When he burst onto the scene with a semifinal appearance in the 2000 U.S. Open at 19 (the youngest U.S. Open semifinalist since Sampras in 1990), one adjective was almost universally used to describe Hewitt: brash.
The young Aussie was known for his blonde ponytail, proclivity for cursing on the court and screams of “Come on!” after winning crucial points. And, frankly stated, he wasn’t particularly popular in the locker room. “Hewitt is an unfriendly guy and thinks he’s a know-it-all when he’s on the court. He doesn’t have any respect for the opponent,” Spaniard Alex Corretja said in December 2000. Hewitt didn’t do himself any favors at the following year’s U.S. Open, stirring up controversy during his second-round match against American James Blake. After being called for a pair of foot faults by a linesman, Hewitt was heard requesting that the official be removed: “Look at him. Look him and you tell me what the similarity is. Just get him off the court.” Both Blake and the linesmen were black.

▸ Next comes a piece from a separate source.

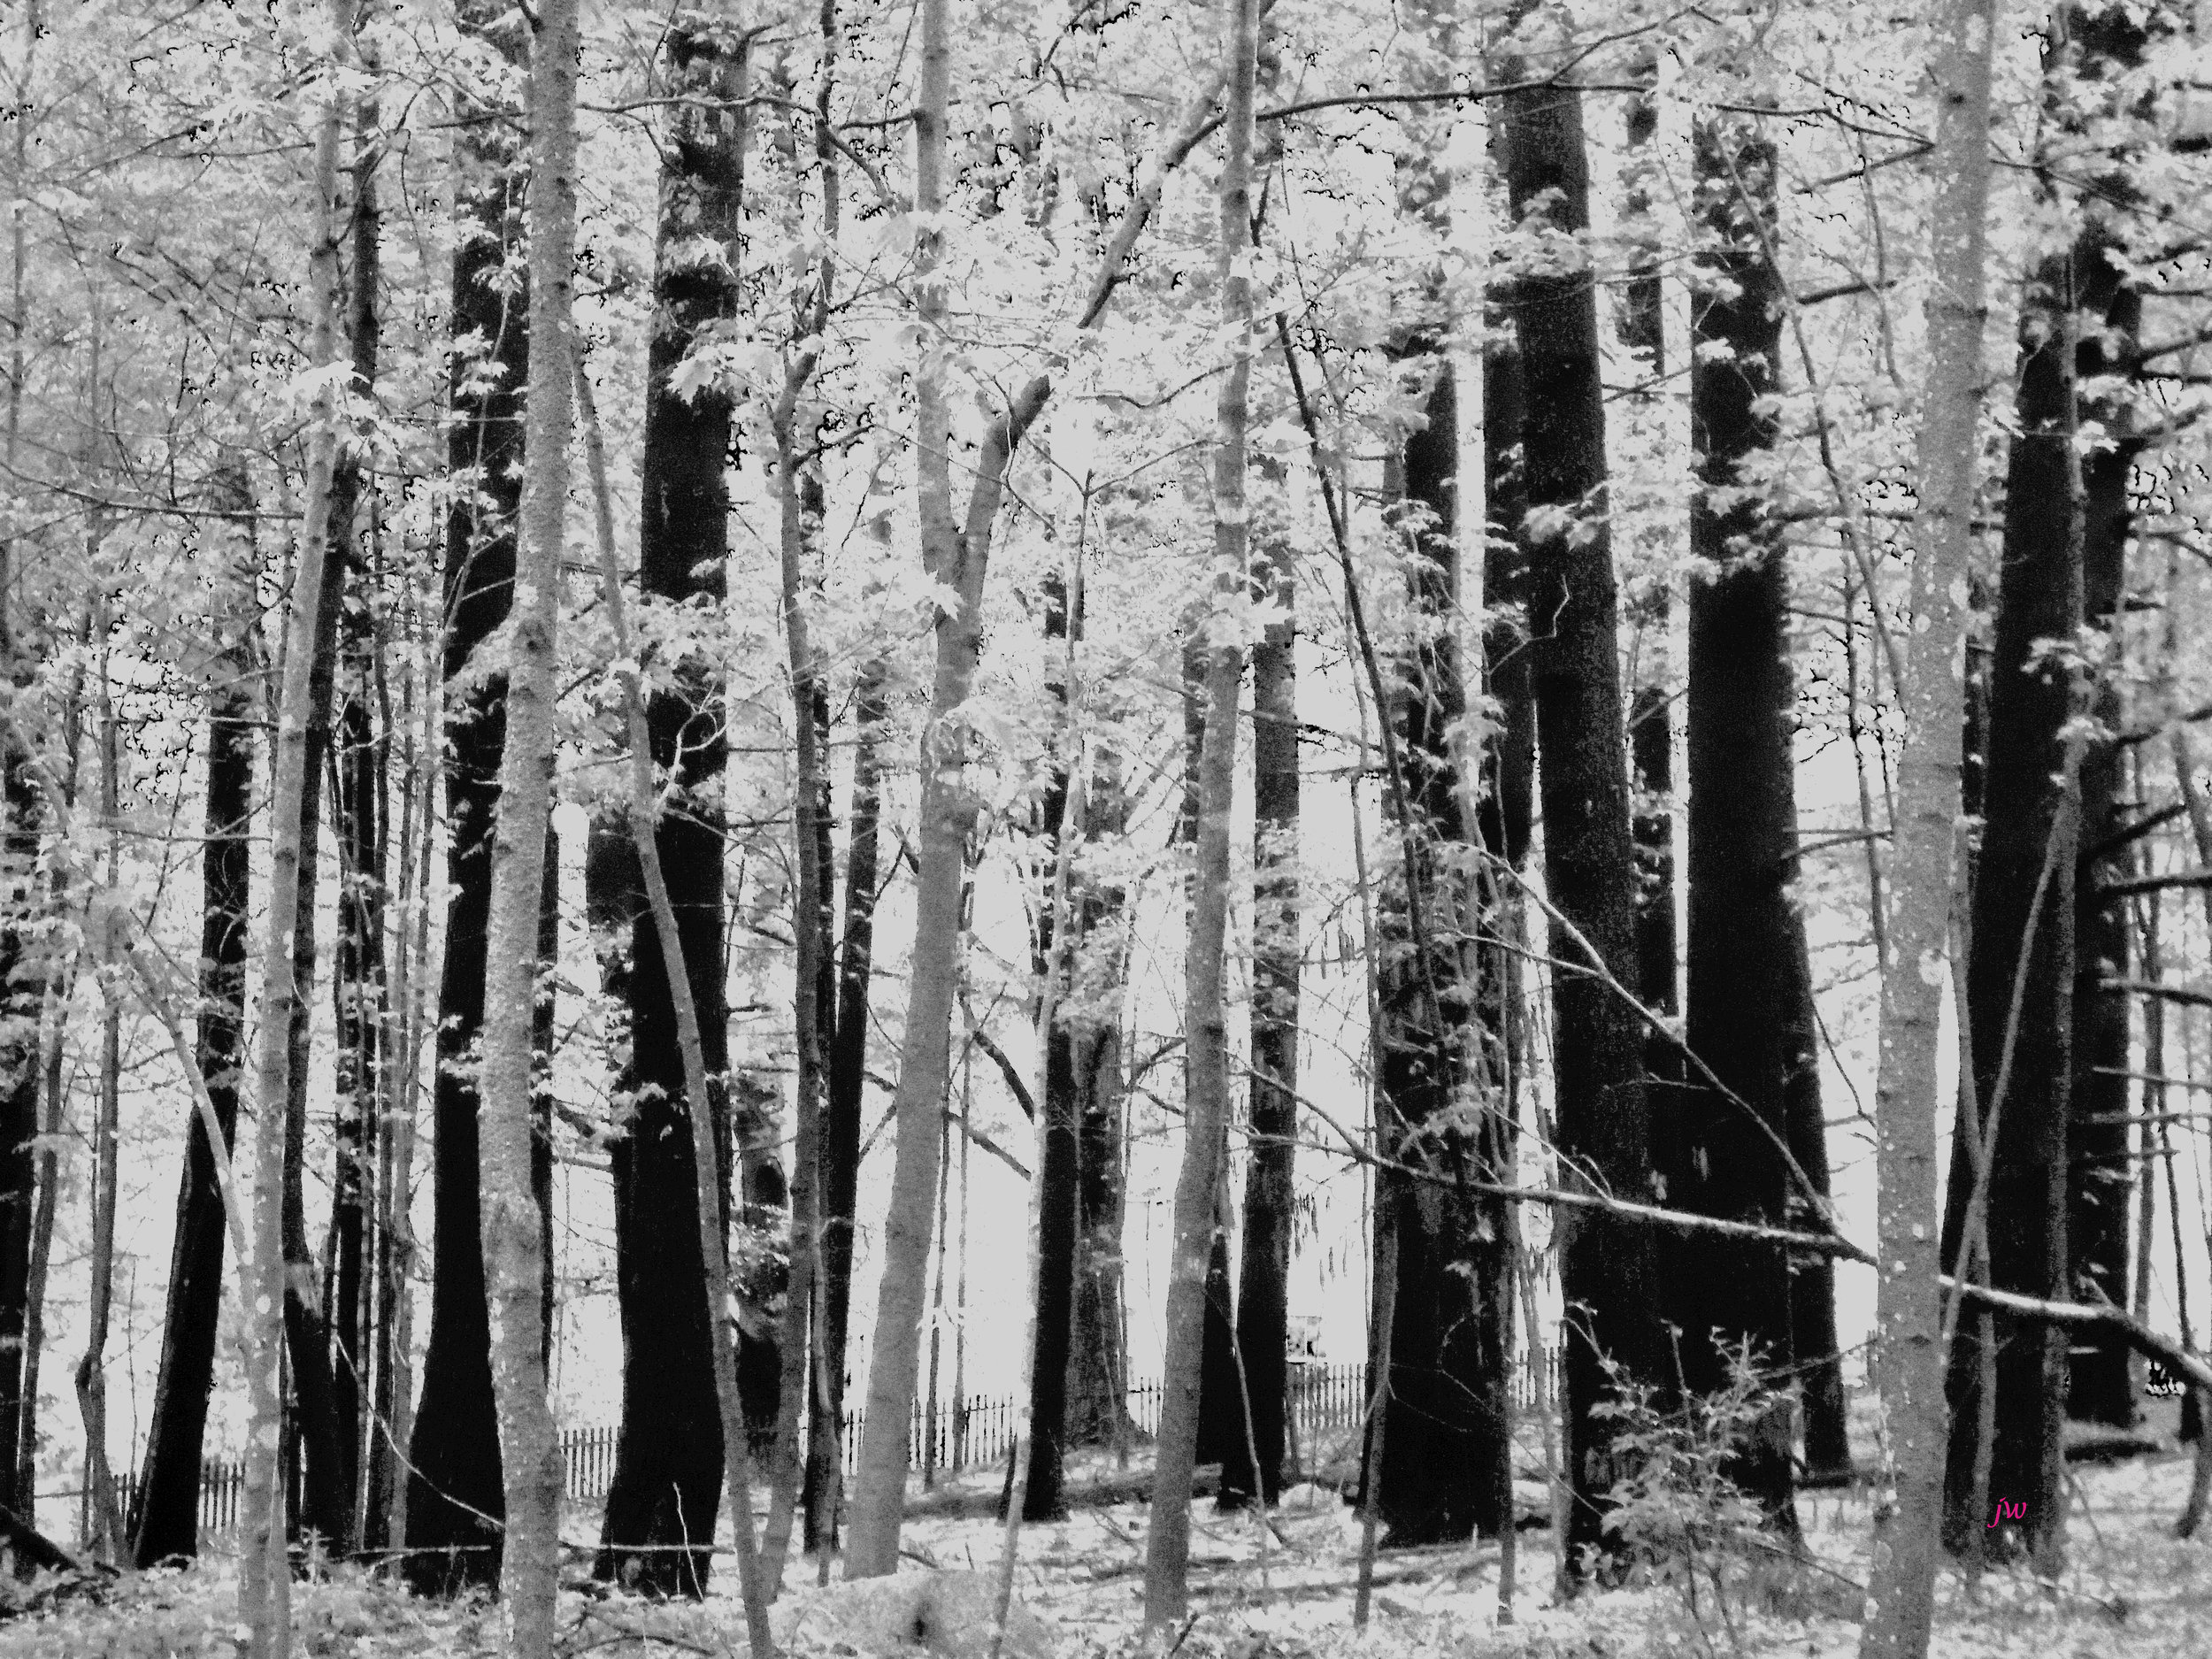 trees by the house4 b&w.jpg

Hewitt’s demeanor, however, did little to slow his ascent. He went on to win the U.S. Open in 2001 and reached No. 1 in the ATP rankings before the end of the year. Though he would retain that ranking until early 2003, Hewitt did not achieve the same level of consistent success that top players have enjoyed in recent years. He became the first “baseliner” to win Wimbledon in a decade in 2002 (the once-popular “serve-and-volley” approach has been all-but abandoned at the All-England Club), but fell in the first round the following year and didn’t advance beyond the fourth round at the Australian Open or French Open in either 2002 or 2003.

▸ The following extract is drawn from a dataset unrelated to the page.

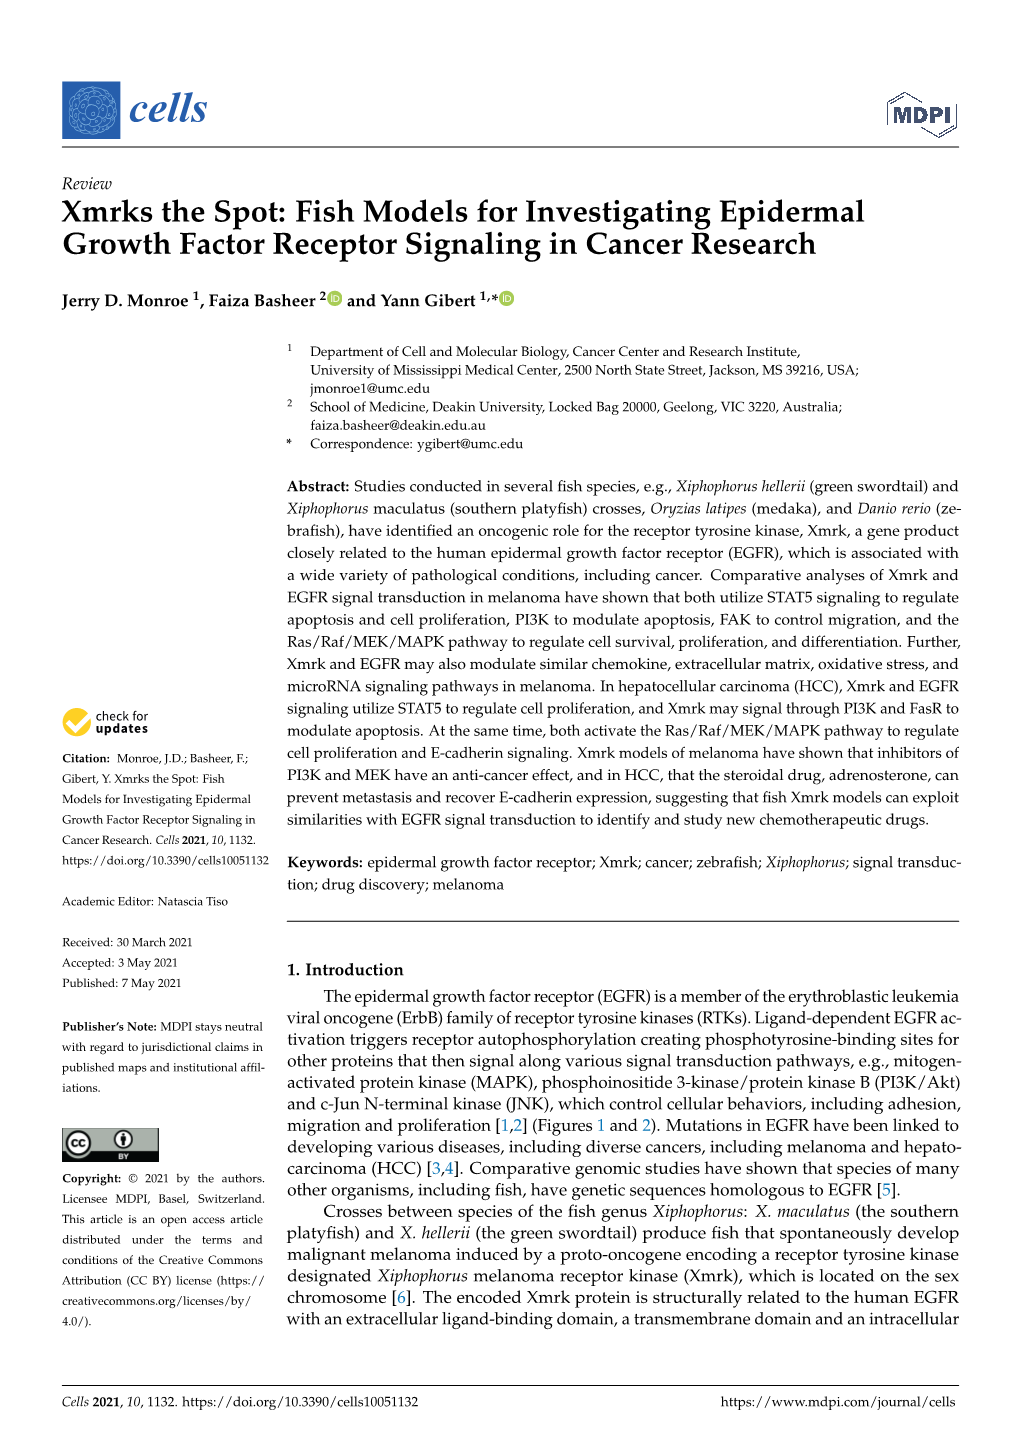 Xmrks the Spot: Fish Models for Investigating Epidermal Growth Factor Receptor Signaling in Cancer Research

The next two years saw more consistency from Hewitt but little of the brilliance that carried him to those Grand Slam titles. By 2006, his reputation as a cocky wunderkind had given way to one of an injury-prone star who—at just 25—might have his best days behind him.
By all accounts, Hewitt’s play since his quarterfinal appearance at the U.S. Open in 2006 has affirmed that reputation. Injuries have kept him off the court for stretches throughout the last seven years, and when Hewitt has been on the court, he has struggled to recapture his earlier success. This year’s U.S. Open marks the 15th consecutive Grand Slam in which he’s failed to advance beyond the fourth round.

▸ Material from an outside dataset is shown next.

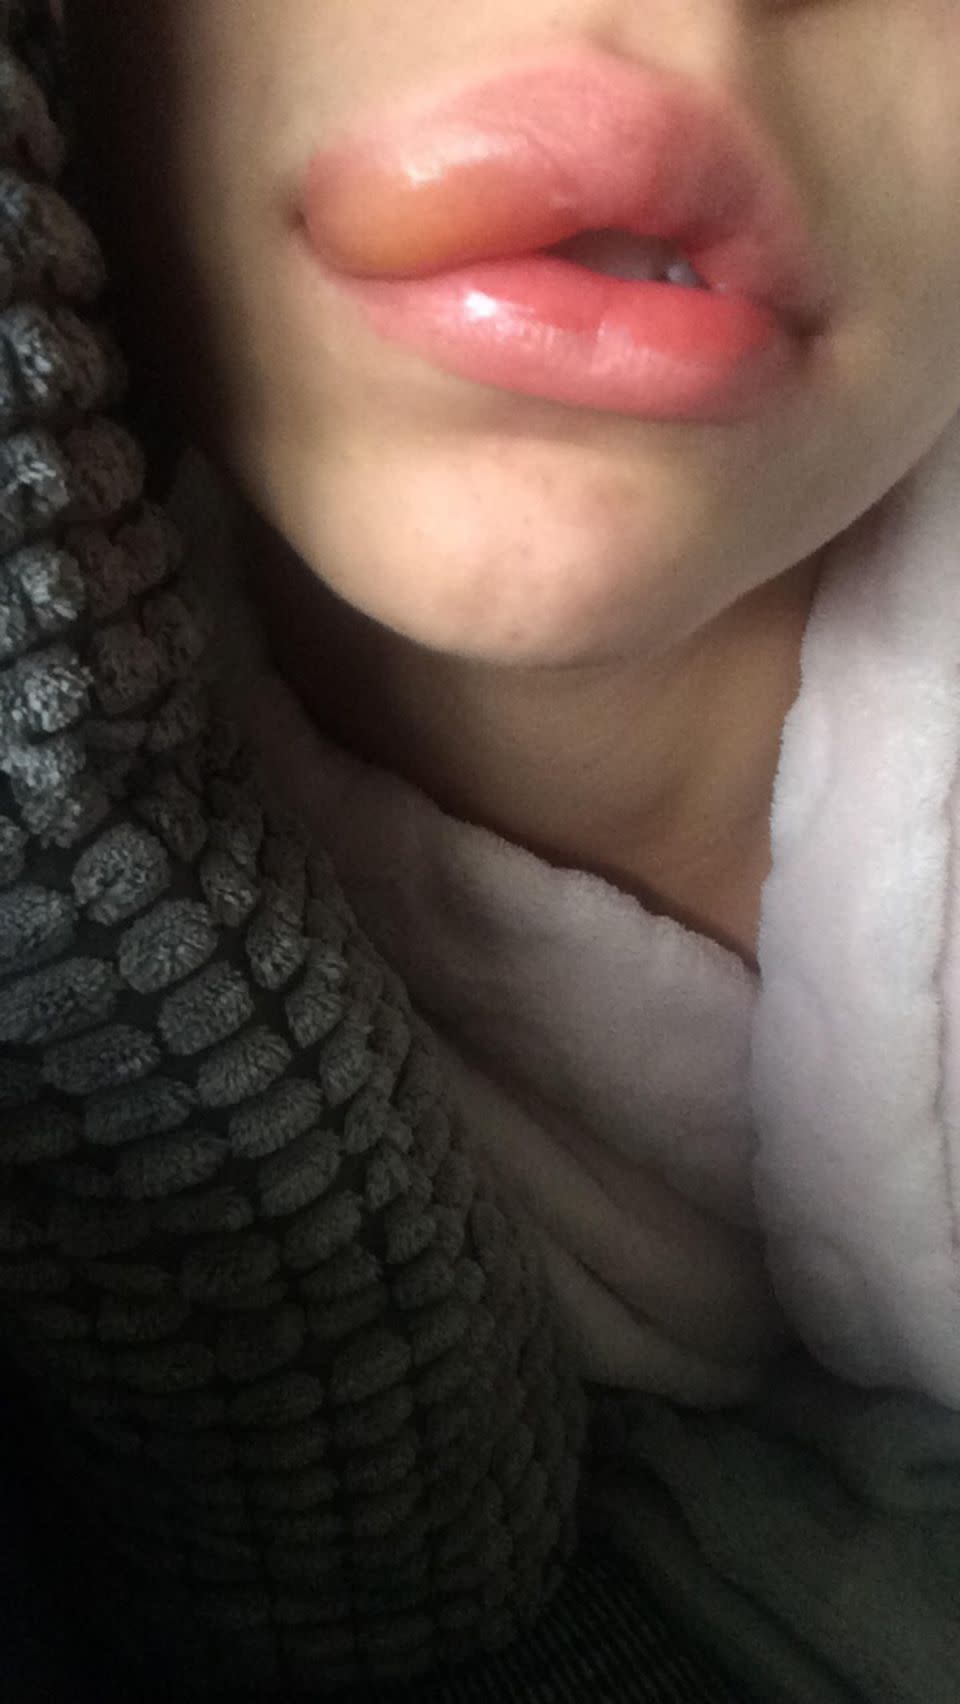 Larissa Reynolds was left with terrible swelling after using a counterfeit lip gloss. Source: Caters

All of this explains why there will be much less discussion of his exit from the year’s final Grand Slam than that of Roger Federer, who fell to Tommy Robredo on Monday night in straight sets.
Federer had defeated Robredo in each of their previous 10 meetings, and a win would have almost certainly set up a highly-anticipated quarterfinal match-up with longtime rival Rafael Nadal (the two have never met at the U.S. Open). But Federer—like Hewitt did seven years ago—is finally beginning to show his age. Unlike Hewitt, he didn’t have a signature win in this tournament to hang his hat on.
Still, it’s reasonable to expect that Federer—he of the 17 Grand Slam titles—will rebound from his recent poor showings at Wimbledon and the U.S. Open. Yes, he is older. Yes, his back seems to be bothering him more than at any other time in his career. And yes, it’s entirely fair to say the Big Four has officially shrunk down to the Big Three. But he’s still Roger Federer and when healthy, he can still be a serious contender.
At the risk of stating the obvious, Lleyton Hewitt is not Roger Federer. His run at the U.S. Open was an impressive one, but even more than Federer, Hewitt wears his aches and his age on his sleeve, face and every other part of his body. By the final games of the fifth set against Youzhny, Hewitt could barely reach for well-struck groundstrokes, let alone run. He was simply gassed. Hewitt remains a gifted tennis player, but in today’s game, relevance is measured on a far steeper curve. More than 11 years after his last Grand Slam title, it’s simply too great a climb for the aging Aussie.